I cannot express just how much sympathy and hope I feel for so many of you. To be practical I guess I can explain to you what I feel helped me. Last year in the depths of real sadness I was planning a holiday with my friends to America. In fact actually my friends were mostly planning it, whilst I nodded and faked smiles and hoped with all my heart that by the time the holiday came I'd be fixed so that I could have this rebirth experience on holiday.

I kept my thoughts on reasons to stay alive and things in my life I would really look forward to doing when I got better. I'm a filmmaker and I have always had all these ideas that i've wanted to realise, so I held onto that dream. In addition there was the hope of being happy with friends and future lovers that I held onto.

When I got to San Francisco I was still really sick and I dragged myself through the experience, but (and this is a huge, monumental but) the change of scenery had an enormous impact on my mood. The fact that I didn't have to think about the fact that I dropped out of university and just being immersed in this brand new experience, it all just gave my mind room to breathe. Back home I felt like a prisoner in London, a prisoner in my neighbourhood, and most importantly a prisoner in my house. What slowly started to happen pretty much immediately in San francisco is that I stopped thinking about my symptoms as much and all I could think about was the epic journey from the west coast to the east coast. As the journey went on I actually, sincerely began smiling, laughing, having fun. My inner monologue instead of constantly regurgitating the same observations about how fake i felt, and how automatic my life felt, just started processing how much fun I was having. 
By the time I hit Chicago i was about 50 percent better. During my time in Chicago (I'll always remember this. Excuse my coming cheesy anecdote)I felt so much freer than before, I started indulging in music, film and my personal life more and more. I began to think about so much I was looking forward to when I got back home; specifically going back to art school and doing a film course i'd gotten into before I left. 
Then one night when I was coming back from a really mediocre night in wicker park where me and my friends failed to find any decent clubs, I was walking (MILES!) back home and I started humming arcade fire's song "The Suburbs" and it just stuck in my head. At that point it felt like a cloud had lifted over me; I suddenly realized that I owned my inner monologue again. The only observations my mind was making, were about how fine i felt and how (despite the mediocre night)great it felt to be alive and hell to just breathe.

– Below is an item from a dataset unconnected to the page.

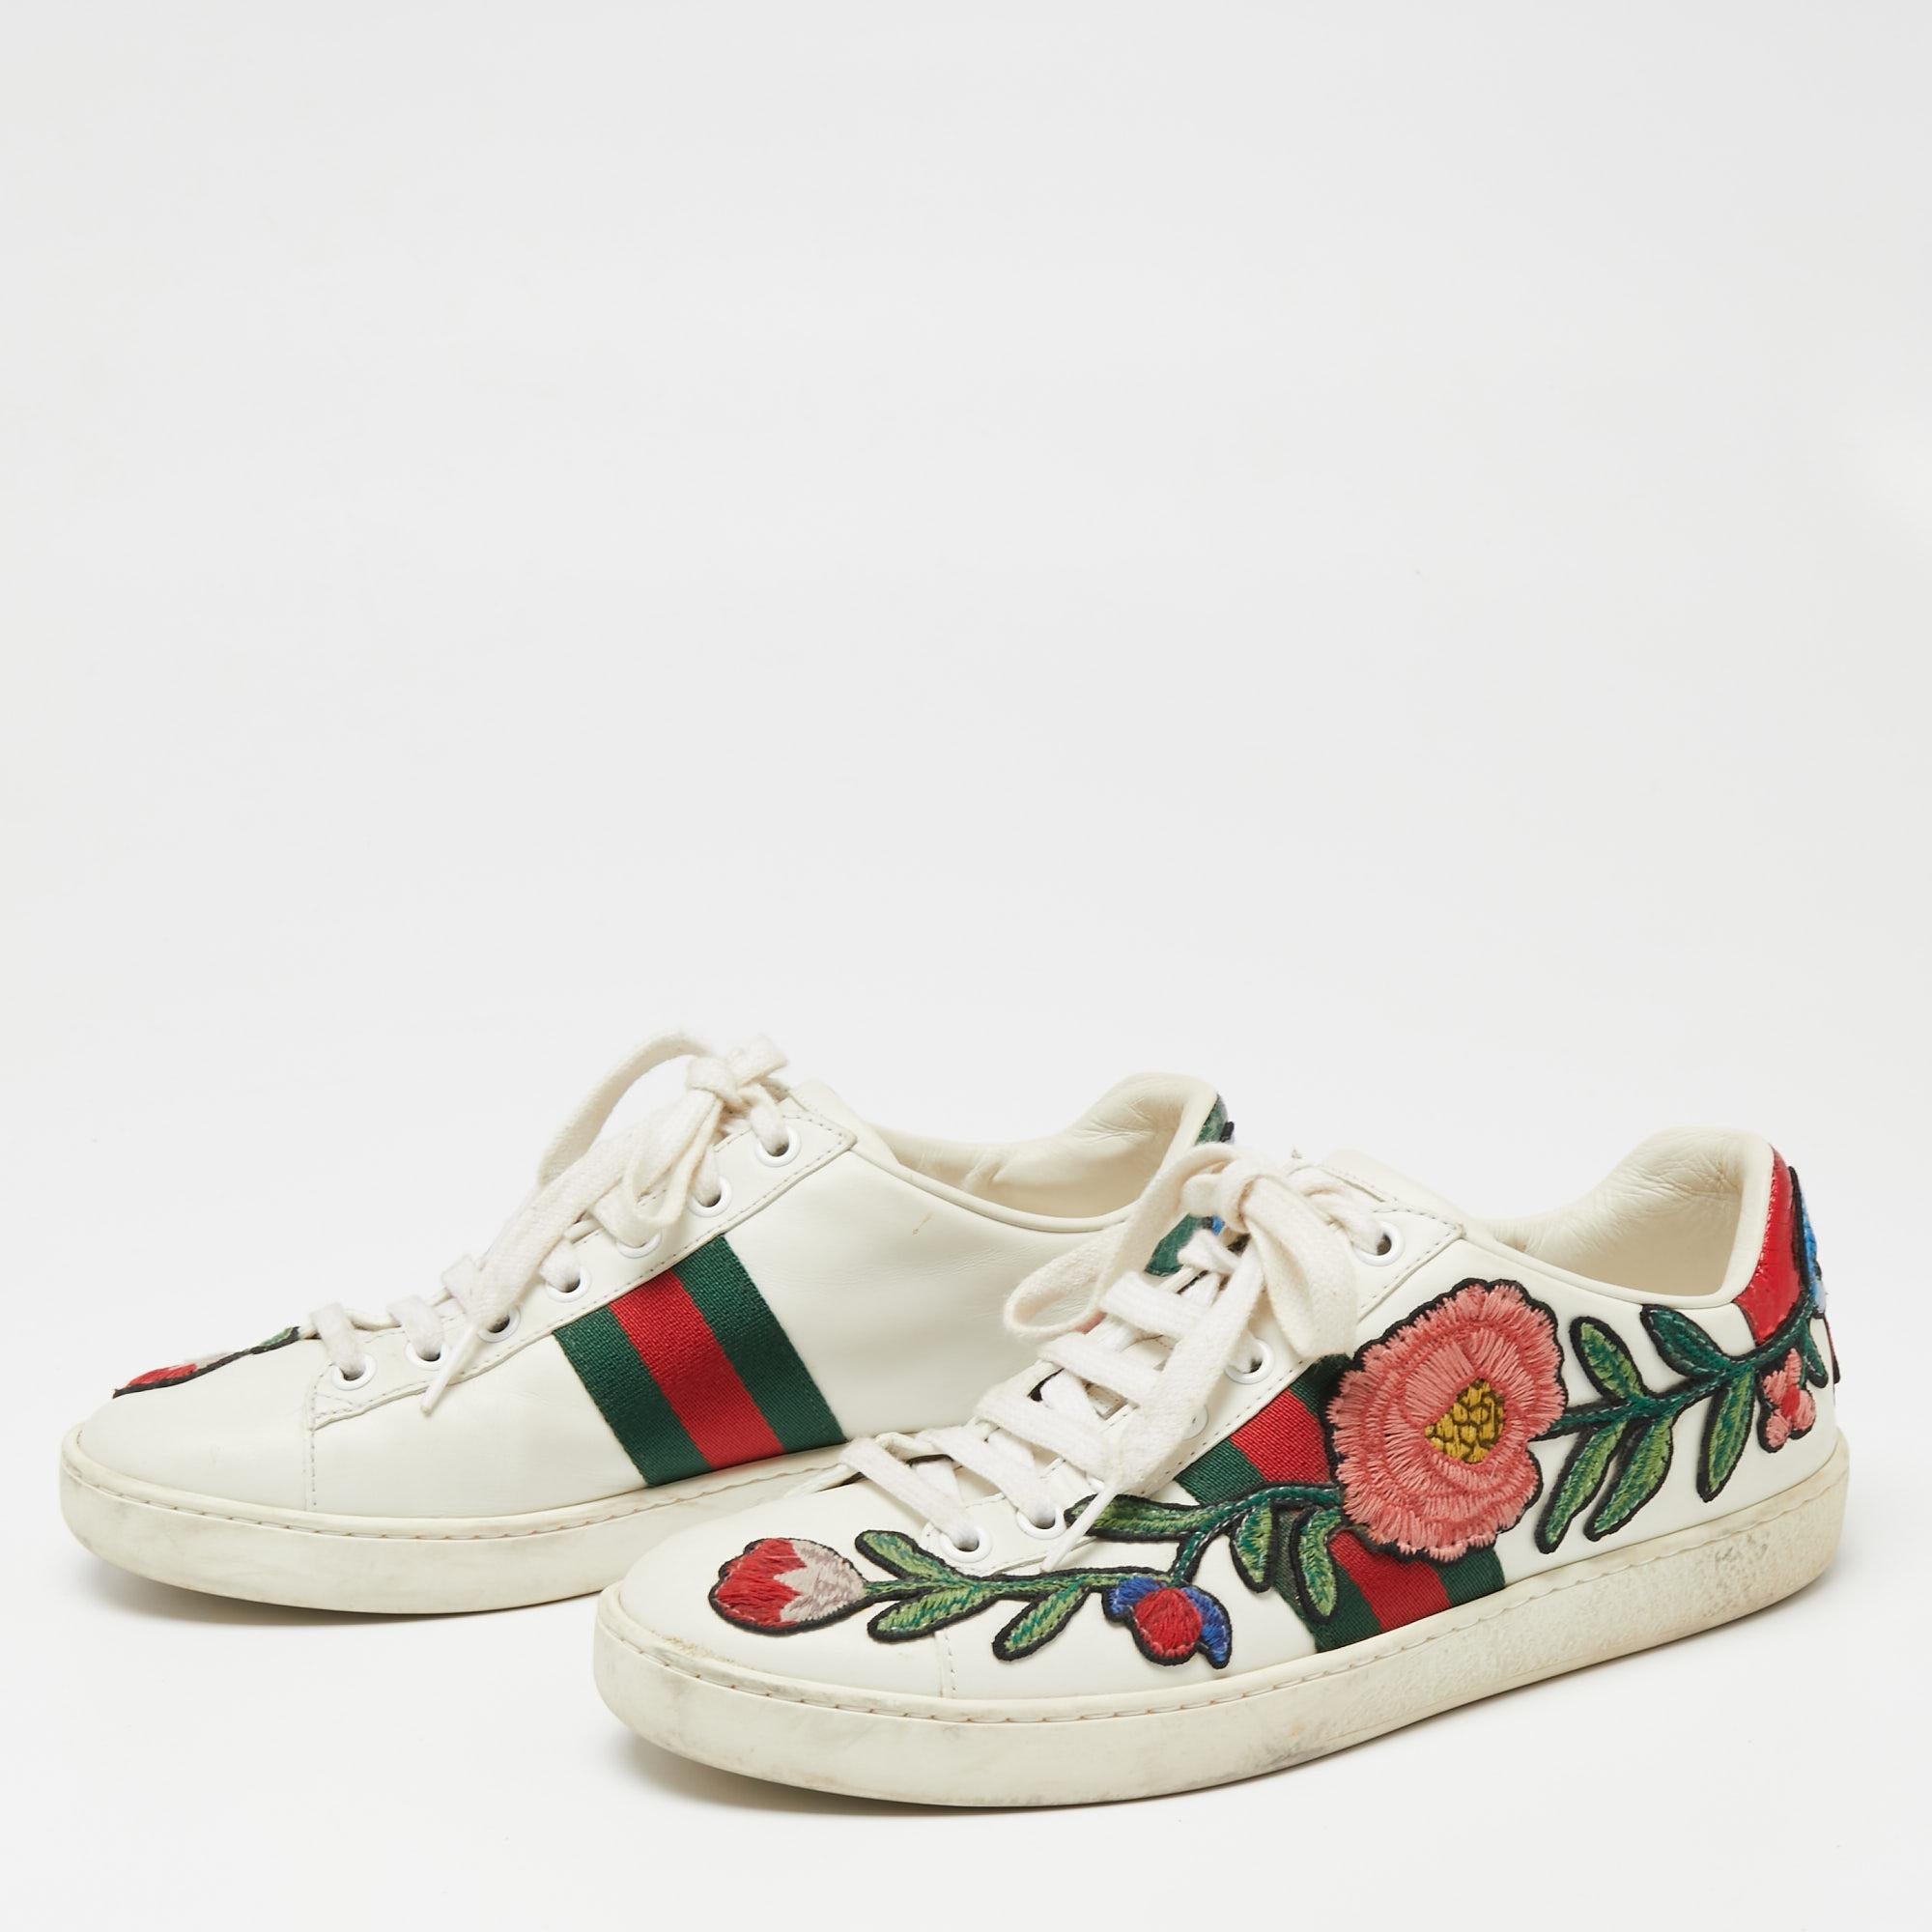 How one's heart flutters at the sight of these Gucci sneakers! Beautifully crafted from leather, they carry the signature web stripe and floral embroidery on the sides. Sneakers are definitely the rage at the moment but these Gucci ones are just a

From that point I just got better and better. Now I'm back in London its been half a year or so since I came back from new york and I'd say I'm about 80-90 percent better.

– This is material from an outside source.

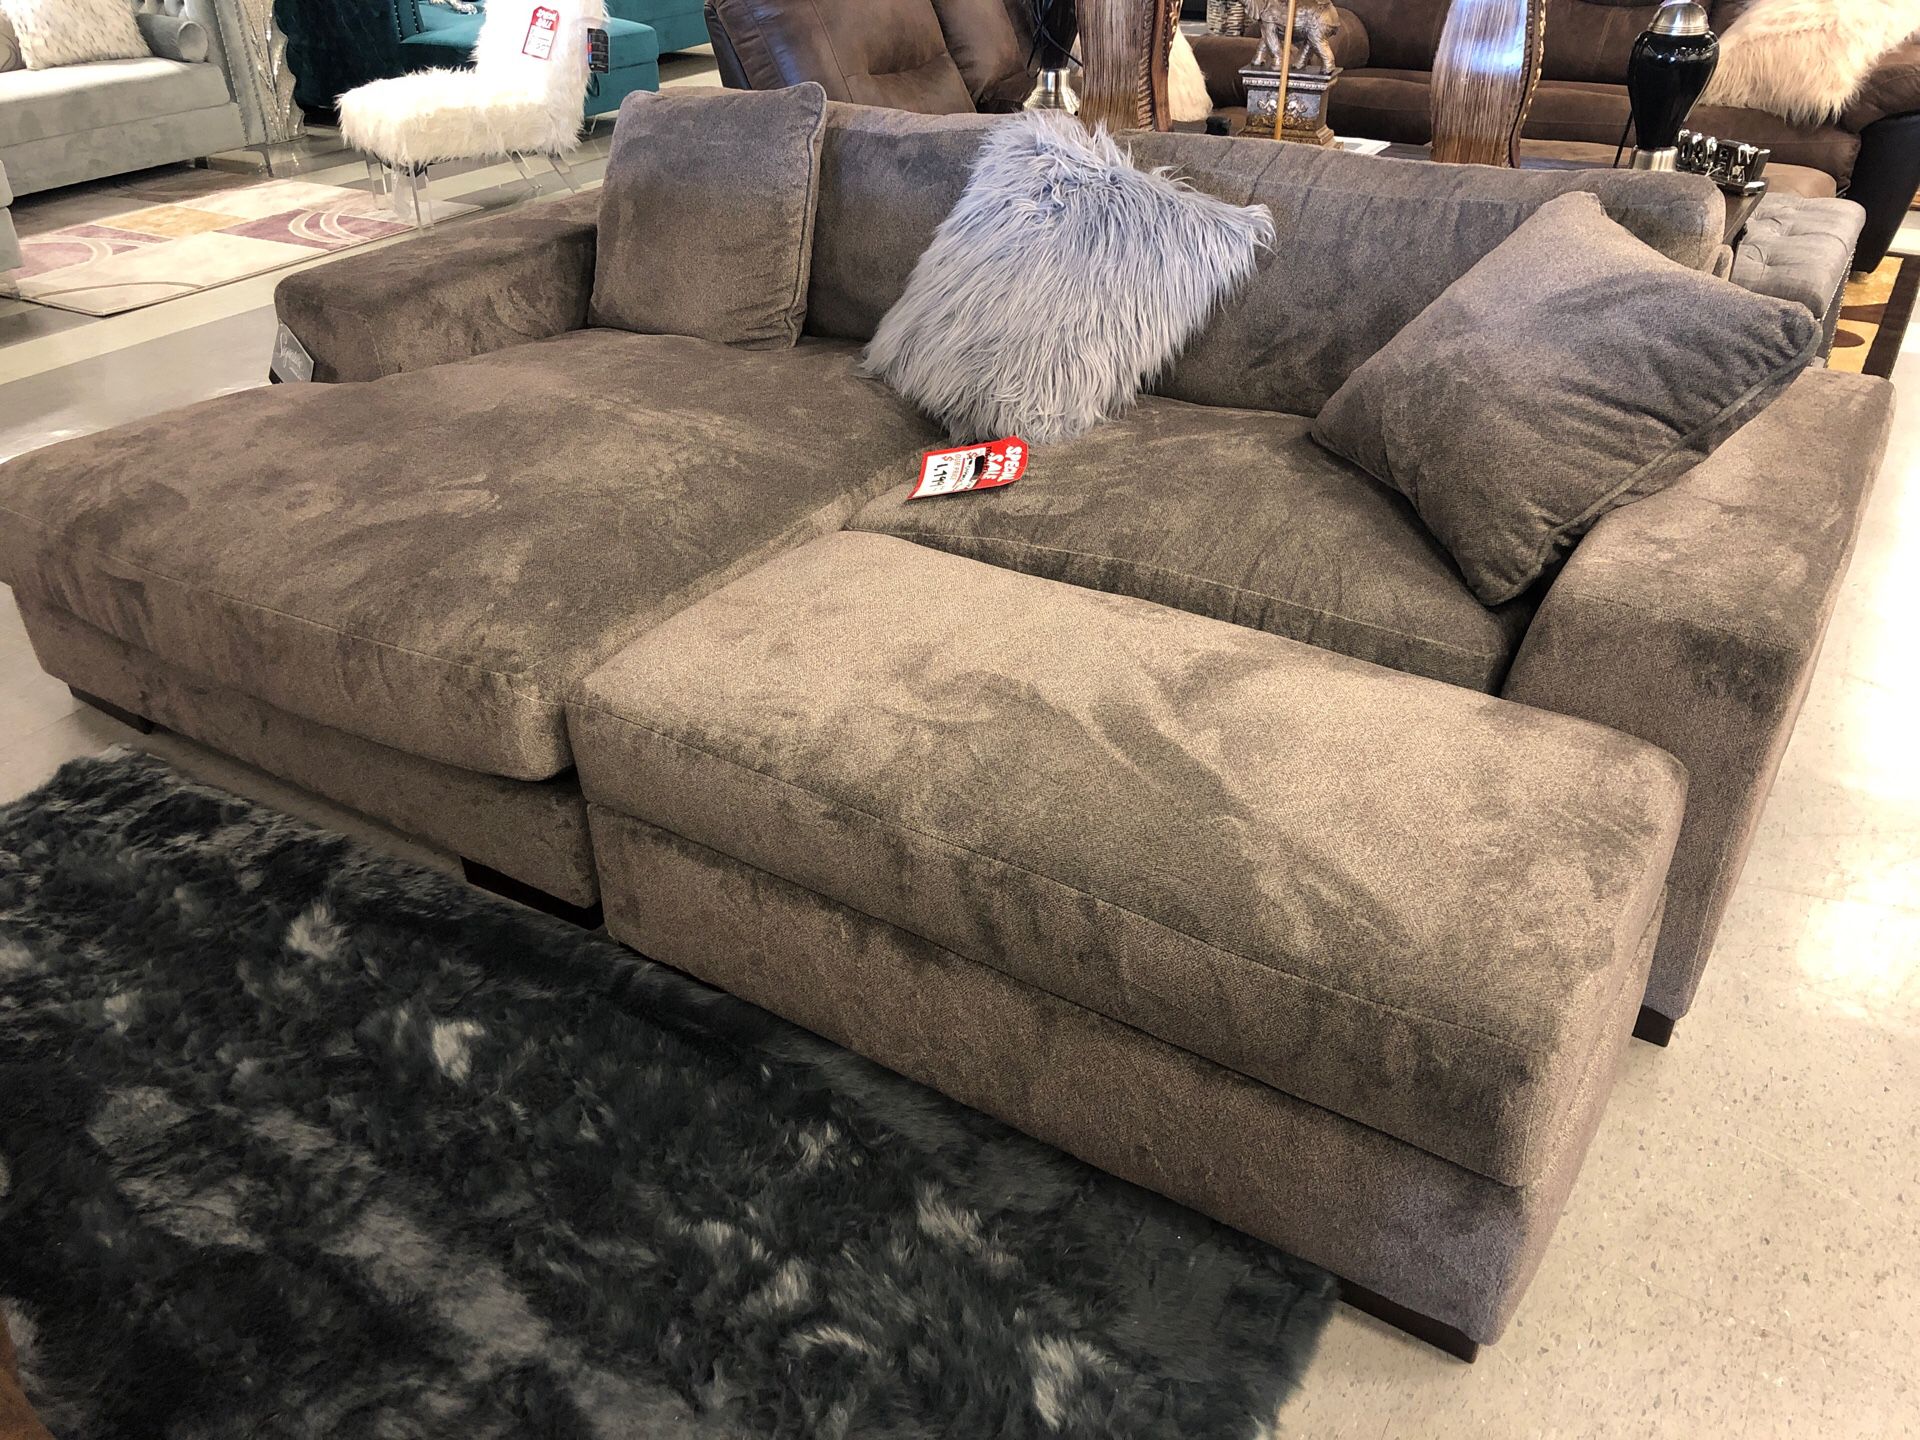 Huge display sale on furniture market items in store only

The Dp is still there but it's like a faint whisper that doesn't really intrude on my life or happiness. The only thing I think i notice it's just my voice at times sounds not like my own. it doesn't feel like I'm out of synch anymore.

I don't want to rubbish anyone's tips for recovery, as I'm sure some of the things that they did worked for them. What really did annoy me however is how those peoples' stories worsened my all-consuming obsession with wanting to fix myself, which probably didn't help things. What I'd like to tell those of you who aren't getting better on vitamin tablets and herbs etc is that those cures aren't a universal be all end all solution to the problem. Your issues aren't necessarily exactly the same as theirs. Trust me i used to comb through these pages searching for symptoms that matched mine in those recovery guides and I'd get all the vitamins, only to still feel like shit months later. 
I can't give any of you a be all-end all solution. I don't think anyone can, which is what sucks so much about DP. All we can do is be pragmatic; if our symptoms seem to be linked mostly to anxiety then we go down whatever route is necessary to deal with the underlying anxiety. If its depression we do the same etc 
What I tried to do was take every cure that I could get hold of, and in the end I can't honestly say 100 percent that 60 mg of Citalopram lessened the symptoms, neither can I say for sure that my holiday fixed me. 
All I can surmise from what's happened is that a combination of time, SSRIS, hope, exercise, my trip to America has dramatically lessened my symptoms. Right now I'm happy and hopeful most of the time. I've written two short films i'm very proud of which has made me passionate about my craft again, and I'm focusing on my long-term career and relationships. Before I thought it audacious to think about the future, as I literally didn't think I'd survive this long, but being patient worked out in the end.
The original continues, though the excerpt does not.